Computation of individual-level pathway-scores

From the gene T-scores, we subsequently computed individual level pathway scores. In contrast to previous approaches^65,66,67, we do not set a cut-off for gene level significance or perform an enrichment analysis. Instead, for each sample a representative score for the pathway activity is computed as the mean across gene T-scores that belong to a certain pathway. We used as pathway databases Reactome³² and Gene Ontology³¹ as default in CASTom-iGEx pipeline and additionally considered Human WikiPathways⁶⁸ as custom gene-sets. In each tissue, gene-sets are defined based on the reliable set in that tissue (\({R}^{2}\ge 0.01\) and \({R}_{{cv}}^{2} > 0\)) and only pathways that are not redundant (i.e. composed by the same set of genes) are retained, giving priority to more specific gene-sets being composed of a lower number of genes. The advantage of gene T-scores in the computation of pathways instead of directly imputed gene expression relies on the new scaling space.

Association of genes and pathways with a trait

For both gene T-scores and pathway scores, we separately tested the association of each gene/pathway with a certain trait (Supplementary Fig. 1 Module 2), using glm (Gaussian or logistic regression for continuous or binary trait) or polr (ordinal logistic regression for ordered categorical) functions in R and correcting for additional covariates. In case of CARDIoGRAM cohorts and UKBB for CAD analysis, we corrected for sex and first 10 Principal Components (PCs) estimated from pre-imputed data. In case of SCZ cohorts, we corrected for 10 PCs (from 1 to 7, 9,15 and 18) as suggested in⁴¹, correcting for biases due array type and to population structure, that are partially reflected in the phenotypic variability. We used additional covariates in UKBB dataset for CAD analysis when testing blood biochemistry (category 17518) and blood count (category 100081) phenotypes to correct for medication effect affecting blood levels: medication for pain relief, constipation, heartburn (Field 6154), dietary supplements (Field 6155, 6179) and medication for cholesterol, blood pressure and diabetes (Field 6153, 6177). When using UKBB for SCZ related phenotypes instead, we considered as confounders first 10 PCs, age, sex and phenotype specific covariates: for ‘Maximum digits remembered correctly’ (Field 4282) additional covariates are fields 4250, 4253, 4283 and 4285; for Symbol digit substitution (category 122) we tested fields 20158, 20230 and 20245 additionally correcting for fields 20195 and 20200; for T1 structural brain MRI (category 110) we tested all data fields and regional gray matter volumes subclass correcting for scanner coordinates (fields 25756-25759). In general, we refer as gene/pathway Z-statistics as the estimated effect for trait association divided by its standard error.

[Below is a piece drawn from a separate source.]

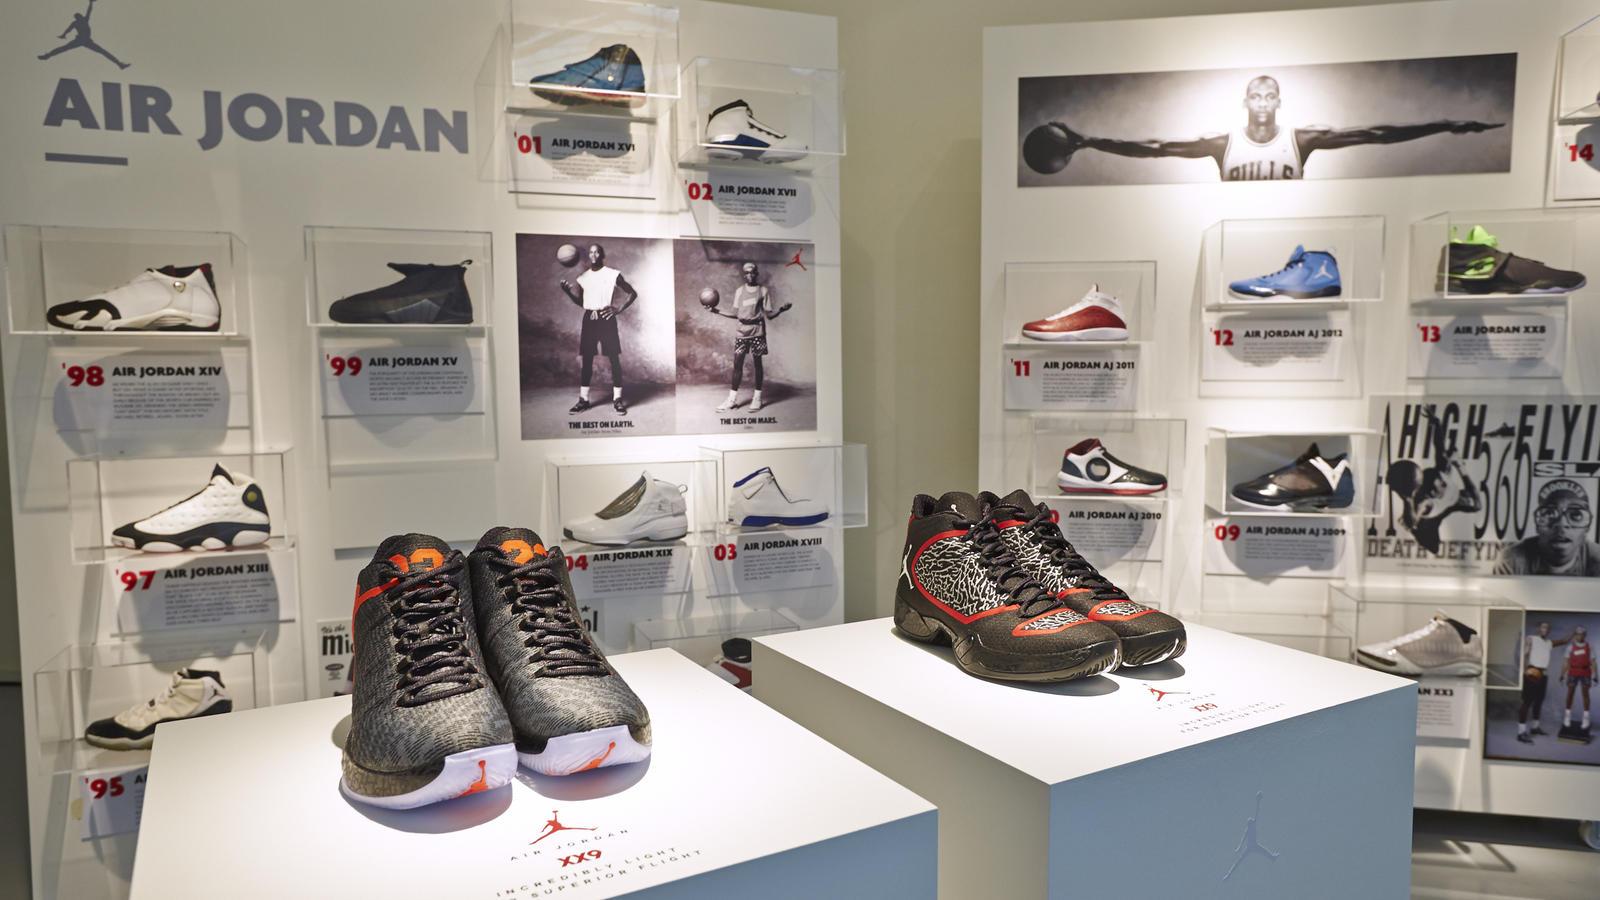 f0aa6143d WBF Nike Basketball Jordan Innovation Design Showcase 02.  WBF Nike Basketball Jordan Innovation Design Showcase 01

In case of multiple cohorts (CARDIoGRAM and PGC), we implemented an approach for meta-analysis similar to GWAMA⁶⁹. Namely, a fixed-effect meta-analysis is initially performed for each gene/pathway weighted by the inverse of their variance. In the presence of heterogeneity effects between cohorts tested via Cochran’s statistic (P ≤ 0.001), we adopted a random-effects meta-analysis calculating the random-effects variance component.

Genes and pathways are finally corrected for multiple testing controlling false discovery rate (FDR) using Benjamini-Hochberg procedure for each tissue, removing pathways composed of a single gene and considering each pathway database separately.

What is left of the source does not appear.